Writing good README files


The README file is the first thing a user/collaborator sees. It should include:

  • A descriptive project title
  • Motivation (why the project exists)
  • How to setup
  • Copy-pastable quick start code example
  • Link or instructions for contributing
  • Recommended citation

Exercise README: Draft or improve a README for your project

Create a new file called README.md in your local project (or improve the README.md file for your project).

You can work individually, but you could also discuss whether anything can be improved on your neighbour’s README file(s).

Think about the user (which can be a future you) of your project, what does this user need to know to use or contribute to the project? And how do you make your project attractive to use or contribute to?

(Optional): Try the https://hemingwayapp.com/ to analyse your README file and make your writing bold and clear.

Uploading your README file to GitHub

Follow these steps to add (the changes to) your README file to GitHub:

  1. Mark your changes as staged:

BASH

git add README.md
  1. Commit your changes:

BASH

git commit -m "Update README.md"
  1. Push your changes to GitHub:

BASH

git push origin main

Go to your GitHub repository and refresh the home page to see how the README file becomes a sort of landing page for your project.

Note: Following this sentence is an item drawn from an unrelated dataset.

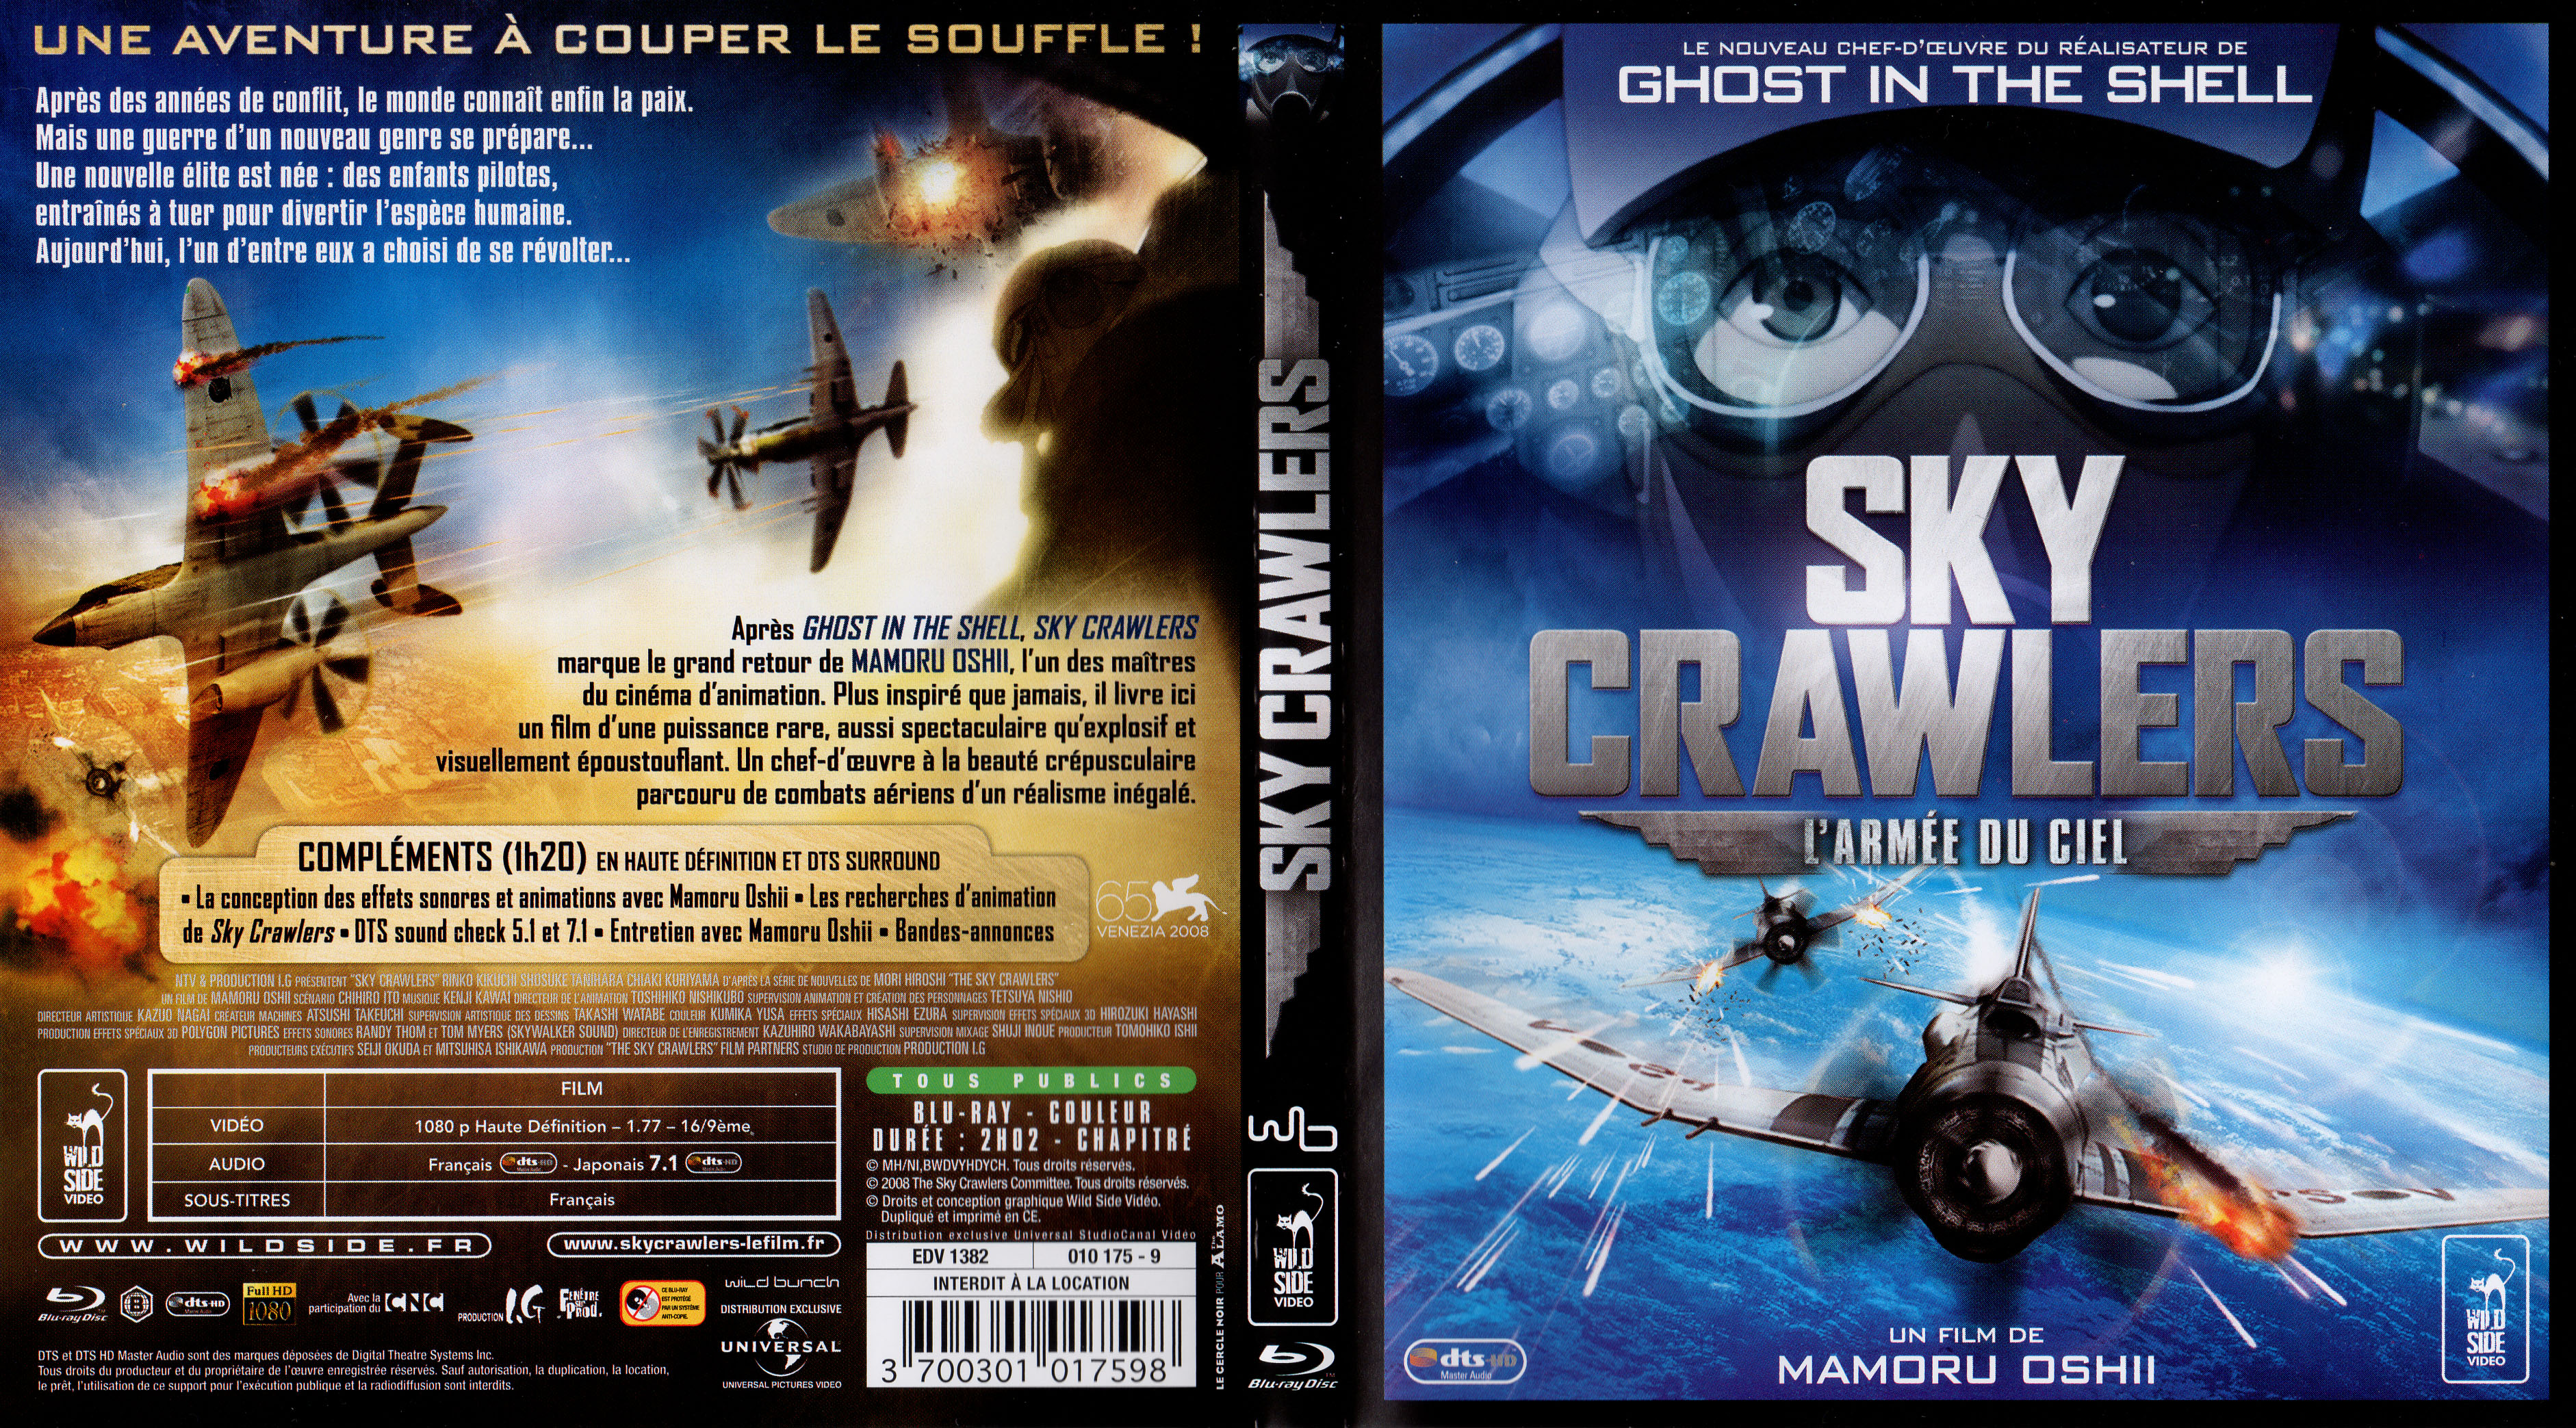 Jaquette DVD Sky crawlers (BLU-RAY)

(Optional) Other types of documentation.


In-code documentation

In-code documentation:

  • Makes code more understandable
  • Explains decisions we made

When not to use in-code documentation:

  • When the code is self-explanatory
  • To replace good variable/function names
  • To replace version control
  • To keep old (zombie) code around

Readable code vs commented code

PYTHON

# convert from degrees celsius to fahrenheit
def convert(d):
    return d * 5 / 9 + 32

vs

PYTHON

def celsius_to_fahrenheit(degrees):
    return degrees * 5 / 9 + 32

Writing good comments - In-code-1: Comments

Let’s take a look at two example comments (comments in Python start with #):

Comment A

PYTHON

  # now we check if temperature is below -50
  if temperature < -50:
      print("ERROR: temperature is too low")

Comment B

PYTHON

  # we regard temperatures below -50 degrees as measurement errors
  if temperature < -50:
      print("ERROR: temperature is too low")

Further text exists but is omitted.